An important differentiating aspect of Lwala’s model is its focus on strengthening existing community decision-making platforms, including government-mandated health committees (responsible for coordinating and managing community health units) and barazas (community meetings) led by traditional leaders. These forums enhance the community’s voice and participation in the planning of health initiatives and systems.
Community health committees are elected by the communities they serve. This builds collective accountability and transparency. The committees identify challenges and bring them to the fore to shape community action plans. “[During] community dialogues, we give [the community] first priority to identify what they’re in need of, whether it is a water point or latrine or any other need, and to decide what the collective priority should be,” says a health committee member.
Strengthening the community’s leadership and asset base
A focus on building leadership, communication, and technical skills (such as proposal writing and budgeting) among community health committee members has been instrumental in fostering community-driven solutions to collectively identified needs.
One committee member wrote a proposal to local government to establish a water supply point. This was a shared community priority that arose from the absence of accessible and safe water, which affected sanitation and health outcomes. Today, the community owns and manages the water point, illustrating the sustained impact of community-led initiatives.
Focusing on equity
Lwala integrates equity into its operations through community platforms and an inclusive program design.
For instance, Lwala helped to develop a more equitable selection process for the community’s health-care workforce. Previously, exclusionary literacy and education requirements meant that traditional birth attendants were not included as community health workers. Now, traditional birth attendants are incorporated into the community health-care workforce and trained as community health workers. An assessment tool also has been created to enable community members to locate birth attendants throughout Migori County. This focus on professionalisation and the inclusion of birth attendants has led to improvements in the community’s overall health outcomes.
Similarly, young people now have access to a network of youth peer providers who educate them on sexual and reproductive health and a range of family planning options. “It is easier to engage youth, as they see us as friends,” says a youth peer provider. “We create sessions with young girls where they are educated and motivated through family planning services.”
Outcomes in communities
Lwala’s model is sustainable because it focuses on building community ownership of health-care services. There has been a 44 percent increase in community health committees that develop annual work plans and a 79 percent increase in community health committees that hold monthly meetings with community health workers to review health data for decision-making. This reflects the increasing ownership that communities have in shaping the quality of care they receive.
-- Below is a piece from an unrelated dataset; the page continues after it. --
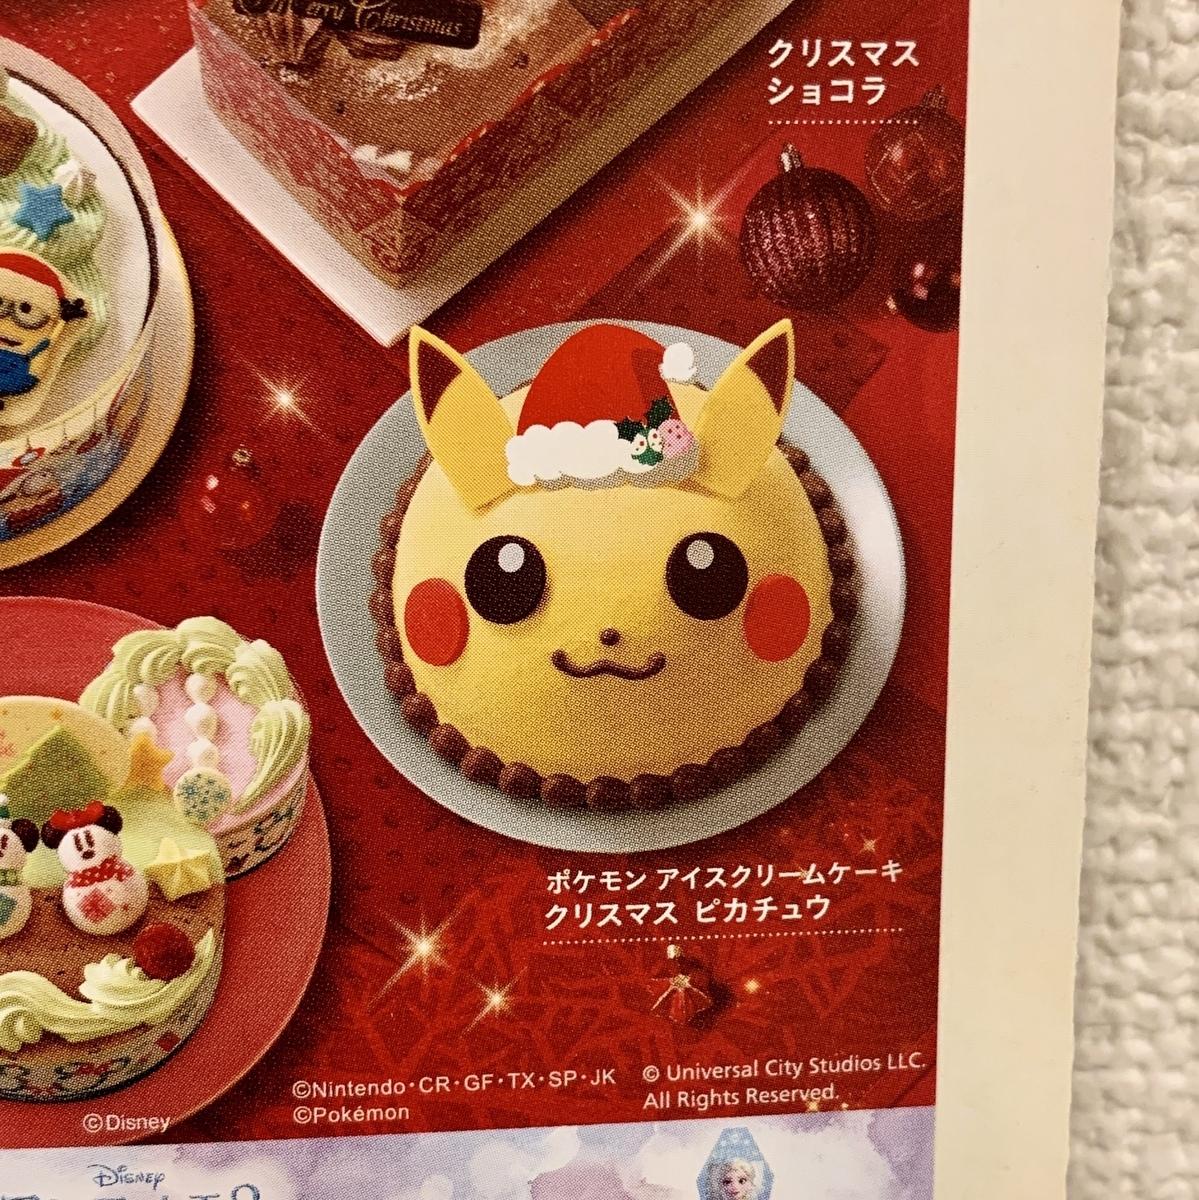 f:id:pikachu_pcn:20191028232145j:plain

This community-led health model has also resulted in improved health-seeking behaviour. Children in Lwala communities are three times more likely to receive health care when sick, specifically with a fever, and 15 percent more likely to be fully immunised. “Lwala’s approach, which focuses on strengthening the community’s capacity to deliver and lead their health-care priorities, has enhanced the community’s voice in health-care planning and improved health seeking behaviour,” says Tom Odhong, the Migori County director of public health.
Half of Lwala’s staff also come from the communities they serve, which is instrumental in ensuring that the communities’ evolving dynamics and needs sit at the forefront of everything they do.